如何减少 xgboost 中的误报？

Question

我的数据集在 0 和 1 个分类器之间平均分配。总共 100,000 个数据点，其中 50,000 个被归类为 0，另外 50,000 个被归类为 1。我对 train/test 数据进行了 80/20 拆分，并返回了 98% 的准确率分数。但是，在查看混淆矩阵时，我发现了很多误报。一般来说，我是 xgboost 和决策树的新手。我可以在 XGBClassifier 中更改哪些设置以减少误报的数量，或者甚至可能吗？

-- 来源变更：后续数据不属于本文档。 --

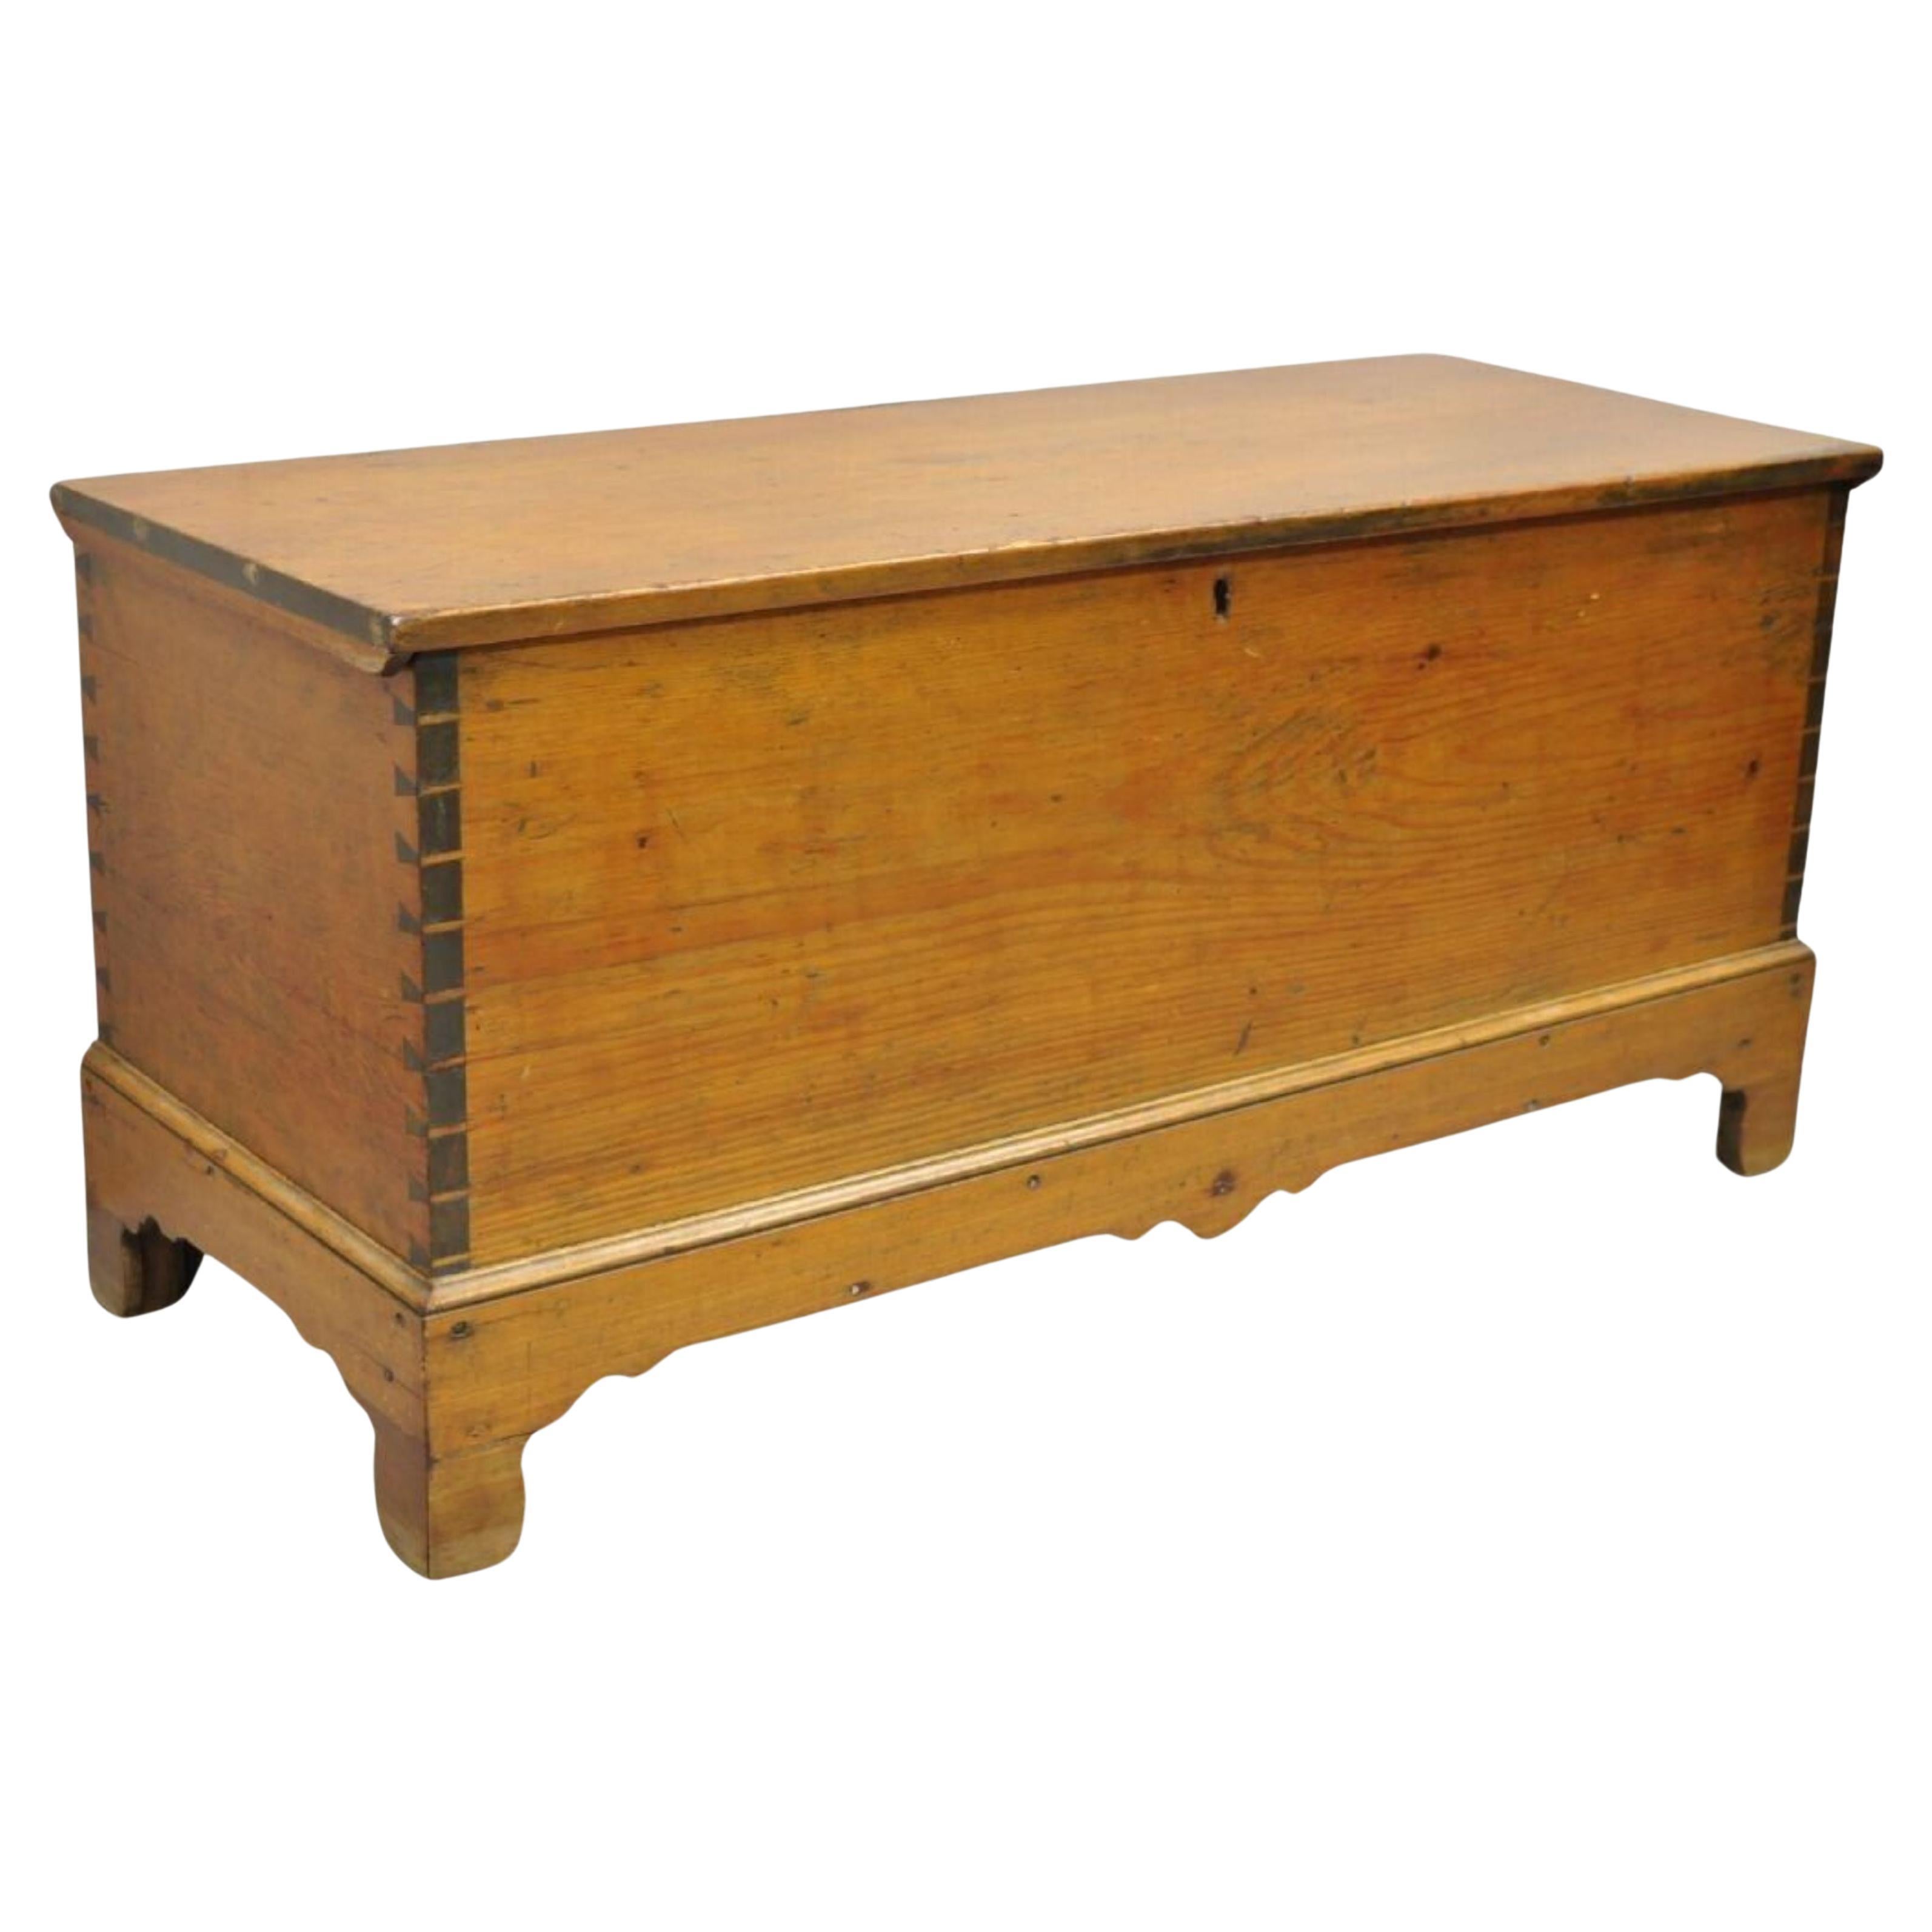 Antique 19th C Chestnut Dovetailed Primitive Wooden Storage Blanket Chest Trunk For Sale

谢谢。

X_train, X_test, y_train, y_test = train_test_split(X, y, test_size=.2, random_state=0, stratify=y) # 80% training and 20% test

model = xgb.XGBClassifier(base_score=0.5, booster='gbtree', colsample_bylevel=1,
              colsample_bynode=1, colsample_bytree=1, gamma=0, gpu_id=-1,
              importance_type='gain', interaction_constraints='',
              learning_rate=0.1, max_delta_step=0, max_depth=9,
              min_child_weight=1, missing=None, monotone_constraints='()',
              n_estimators=180, n_jobs=4, num_parallel_tree=1, random_state=0,
              reg_alpha=0, reg_lambda=1, scale_pos_weight=1, subsample=1,
              tree_method='exact', use_label_encoder=False,
              validate_parameters=1, verbosity=None)

model.fit(X_train,
           y_train,
           verbose = True, 
           early_stopping_rounds=10,
           eval_metric = "aucpr",
           eval_set = [(X_test, y_test)])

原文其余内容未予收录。